The below file reads in 9 csv files into pandas dataframes,
    prints number of rows and columns in each dataframe,
    prints the column names for each dataframe,
    prints individual and total number of rides
    prints number of bikes belonging to each company,
    prints average ride distance per company (in feet)
    plots starting & ending latitude and longitude for each bike read for each company

### Exploratory Data Analysis of Bike Trips Pilot



In [None]:
import pandas as pd
import seaborn as sns
import matplotlib.pyplot as plt

%matplotlib inline

#### Loading CSVs into Dataframe

In [None]:
def read_csv (input_file):
    '''
    Reads CSV file and returns pandas dataframe
    '''
    return pd.read_csv(input_file)

In [None]:
lime_customer = read_csv('Lime_May Customer Report.csv')
lime_maintenance = read_csv('Lime_May Maintenance.csv')
lime_trips = read_csv('Lime_May Trips.csv')

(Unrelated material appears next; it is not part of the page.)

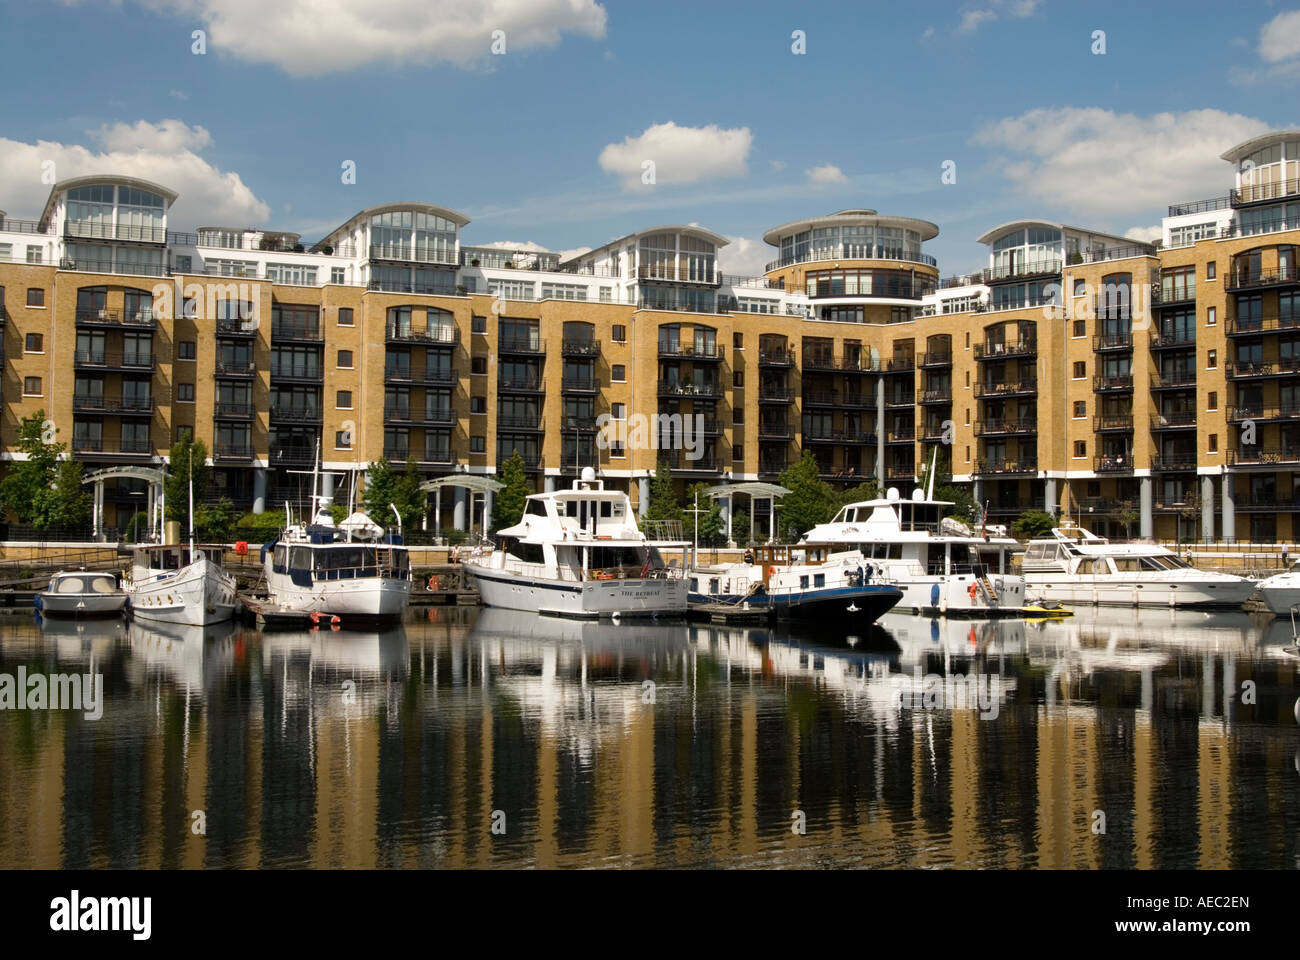 Yachts and apartments at St Katherine's Dock London England UK Stock Photo

ofo_customer = read_csv('ofo-reports-06112018.csv')
ofo_maintenance = read_csv('ofo-maintenance-06112018.csv')
ofo_trips = read_csv('ofo-trips-06112018.csv')


zagster_customer = read_csv('zagster-reports-201805.csv')
zagster_maintenance = read_csv('zagster-maintenance-201805.csv')
zagster_trips = read_csv('zagster-trips-201805.csv')

In [None]:
list_of_dataframes = [lime_customer, lime_maintenance, lime_trips, ofo_customer, 
                      ofo_maintenance, ofo_trips, zagster_customer, zagster_maintenance, zagster_trips]

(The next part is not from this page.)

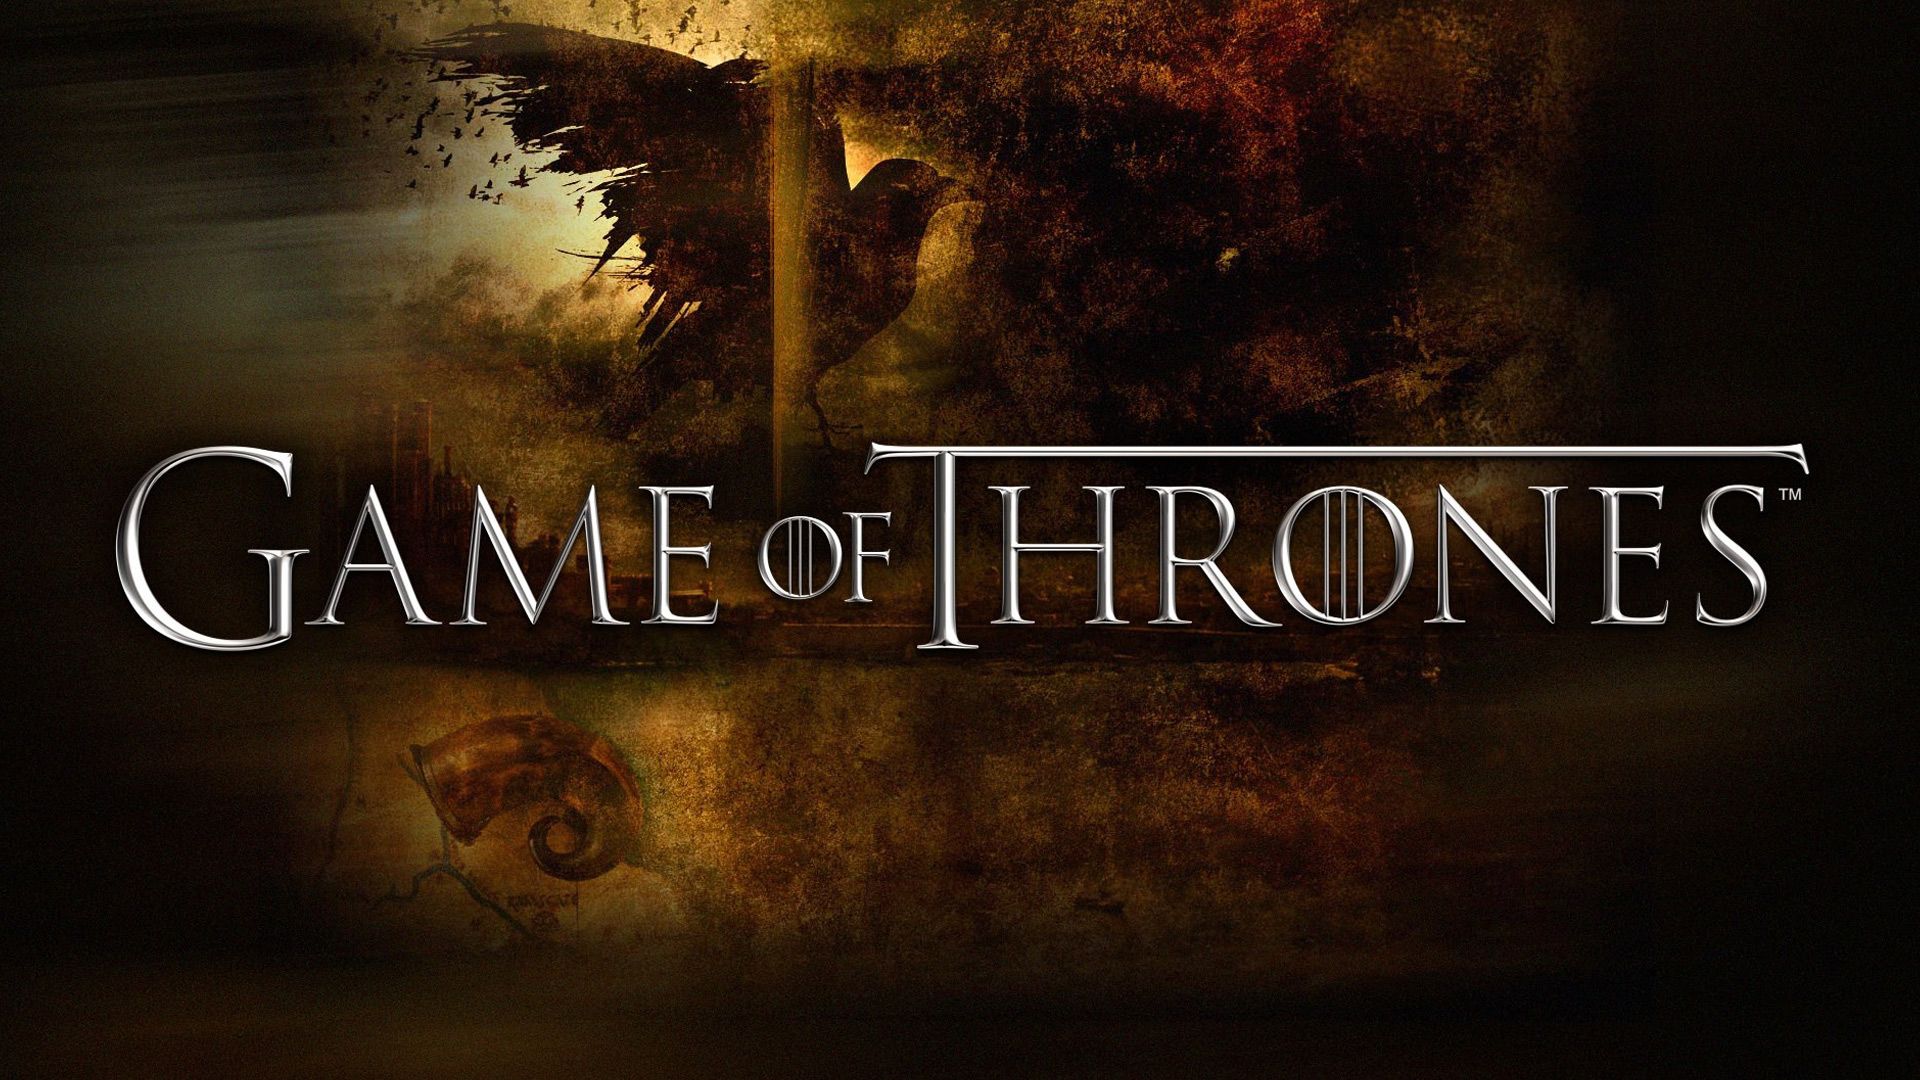 Game of Thrones logo wallpaper

string_list_of_dataframes = ['lime_customer', 'lime_maintenance', 'lime_trips', 'ofo_customer', 
                      'ofo_maintenance', 'ofo_trips', 'zagster_customer', 'zagster_maintenance', 'zagster_trips']

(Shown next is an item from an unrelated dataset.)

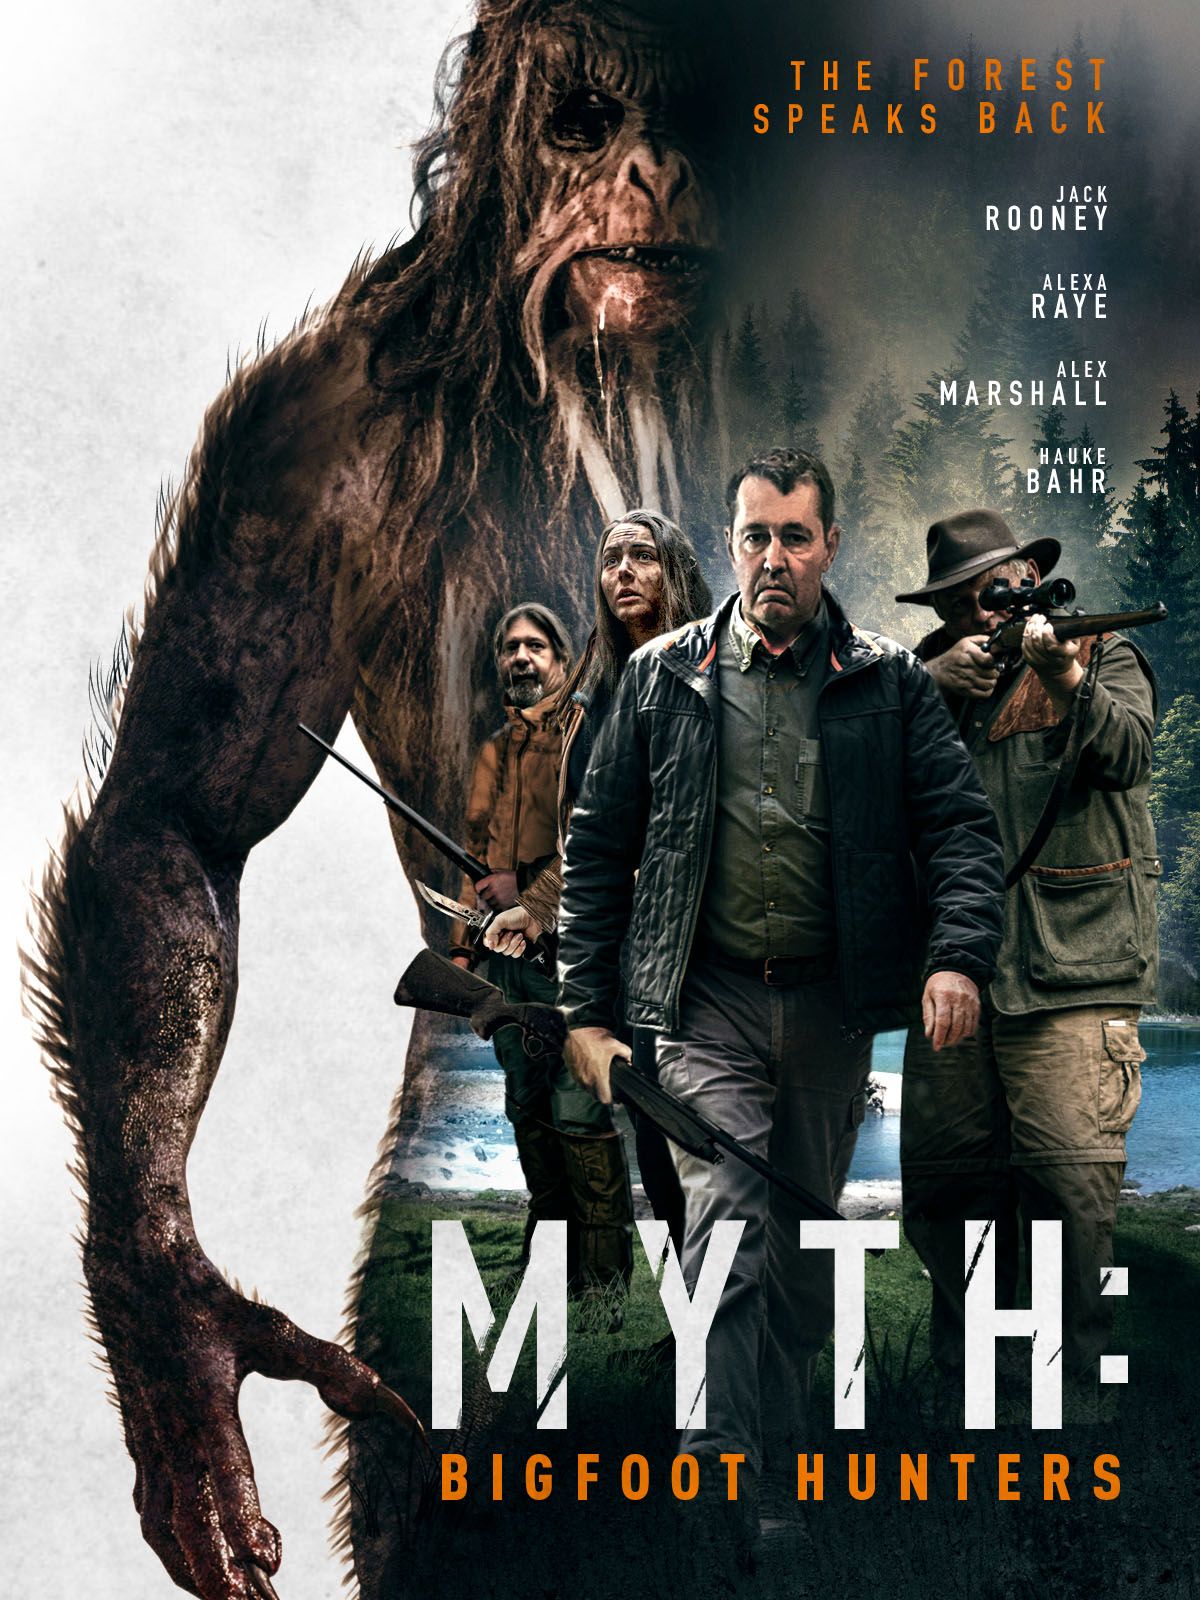 Keyart for the movie Myth: Bigfoot Hunters

##### Basic Exploration of All Dataframes

In [None]:
def info (df):
    '''
    Given a dataframe, prints information of the dataset
        
    input:
        dataframe
    '''
    print ('DATASET INFORMATION \n') 
    print (df.info(), '\n \n \n')


In [None]:
# number of rows and columns excluding header and index

for count, item in enumerate(string_list_of_dataframes):
    print (item)
    print ('{}{:>30}'.format('NUMBER OF ROWS', 'NUMBER OF COLUMNS'))
    print ('{}{:>30}'.format(list_of_dataframes[count].shape[0] , list_of_dataframes[count].shape[1]))
    print ('')


In [None]:
# column names in each dataframe

for count, item in enumerate(string_list_of_dataframes):
    print (item)
    print (list_of_dataframes[count].columns)
    print ()

Questions:

- Total Number of Rides
- Rides by each company
- Average ride distance
- Number of bikes of each company


In [None]:
num_lime_trip = lime_trips['TRIP_ID'].nunique() 
num_ofo_trip = ofo_trips['Trip ID'].nunique() 
num_zagster_trips = zagster_trips['Trip ID'].nunique() 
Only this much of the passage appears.